→ ASSIGNMENT
Drop the pictures and restate the rest of the listing word for word.

-------- DATASET SECTION --------

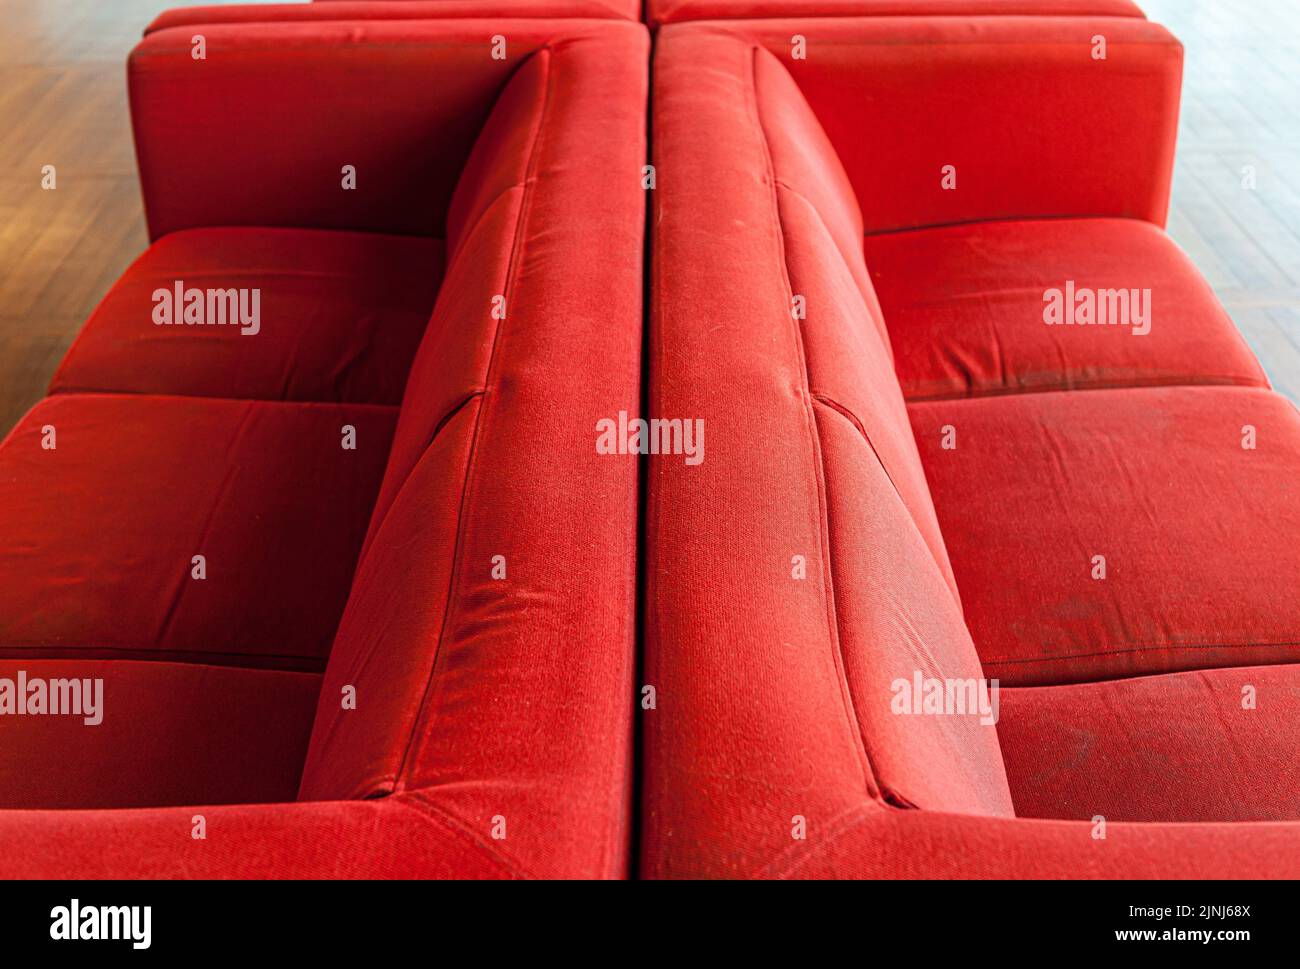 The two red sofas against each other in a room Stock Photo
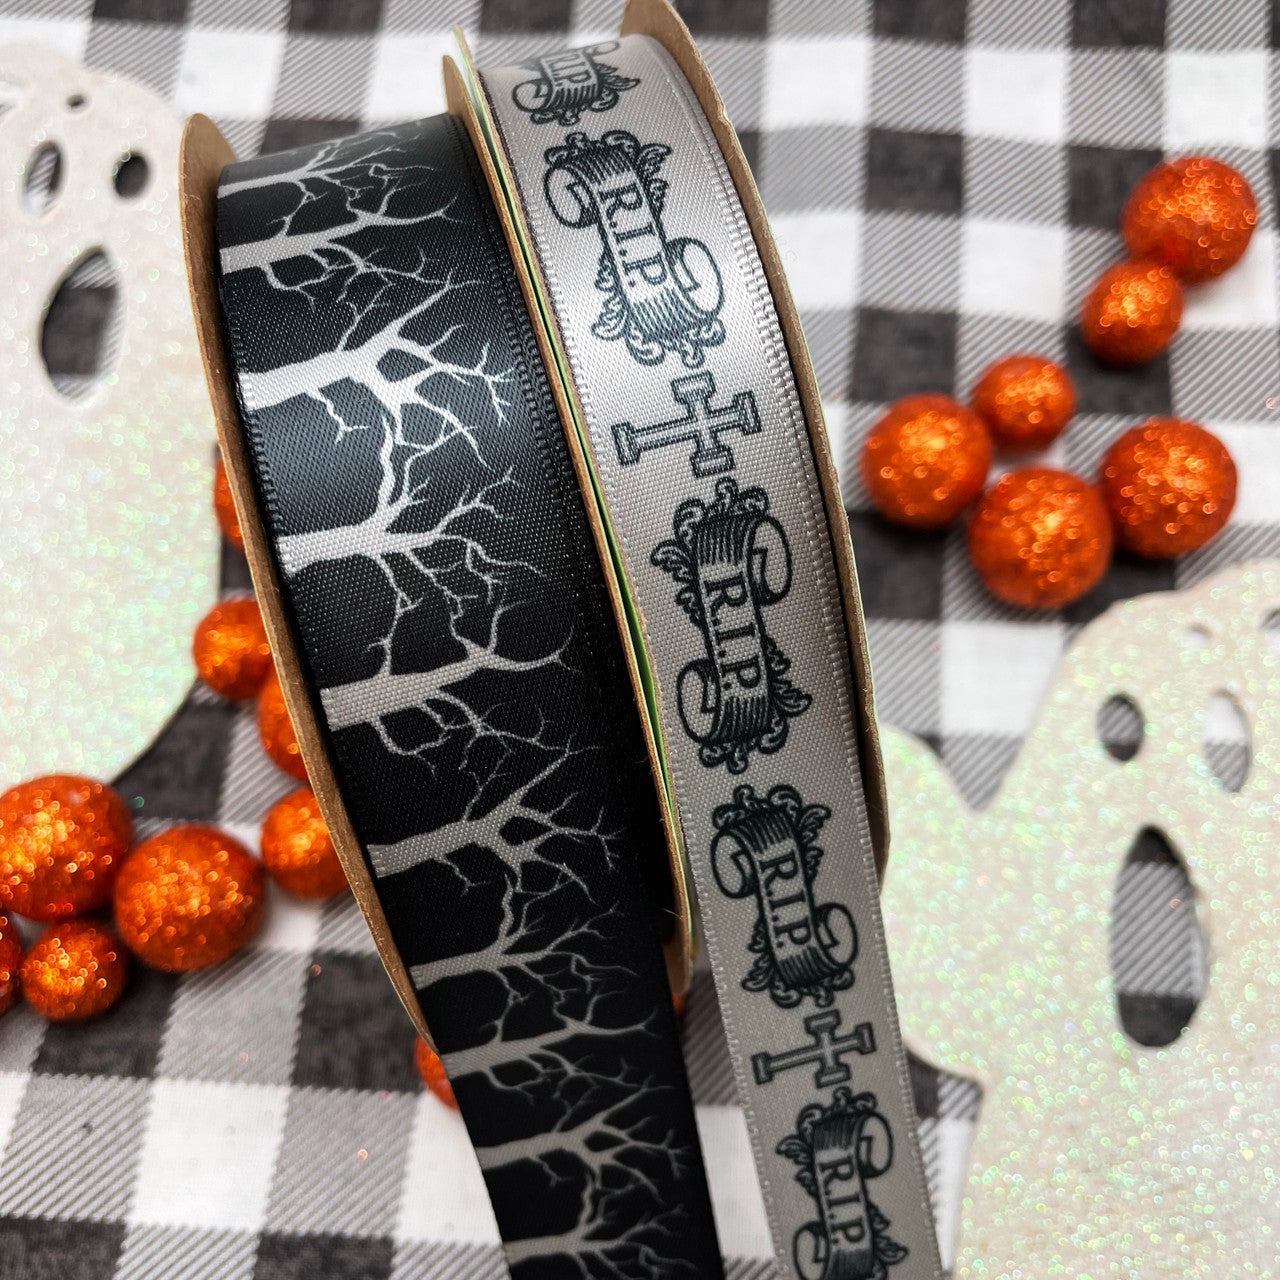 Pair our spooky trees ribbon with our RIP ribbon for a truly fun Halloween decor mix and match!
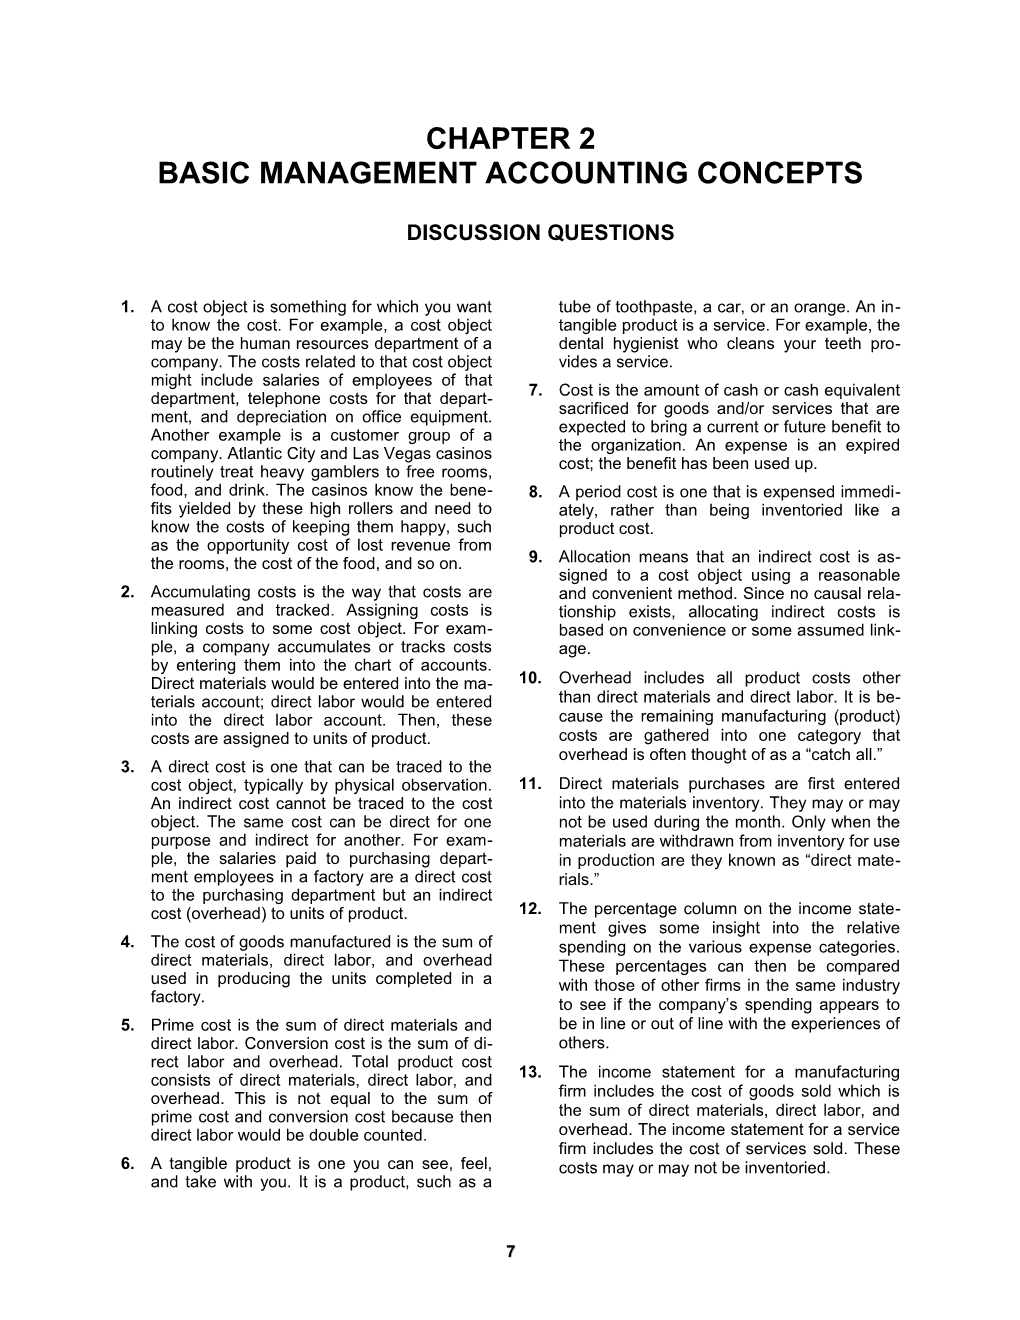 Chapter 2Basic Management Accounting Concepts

--------

→ OUTPUT
 The two red sofas against each other in a room Stock Photo
 Pair our spooky trees ribbon with our RIP ribbon for a truly fun Halloween decor mix and match!
 Chapter 2Basic Management Accounting Concepts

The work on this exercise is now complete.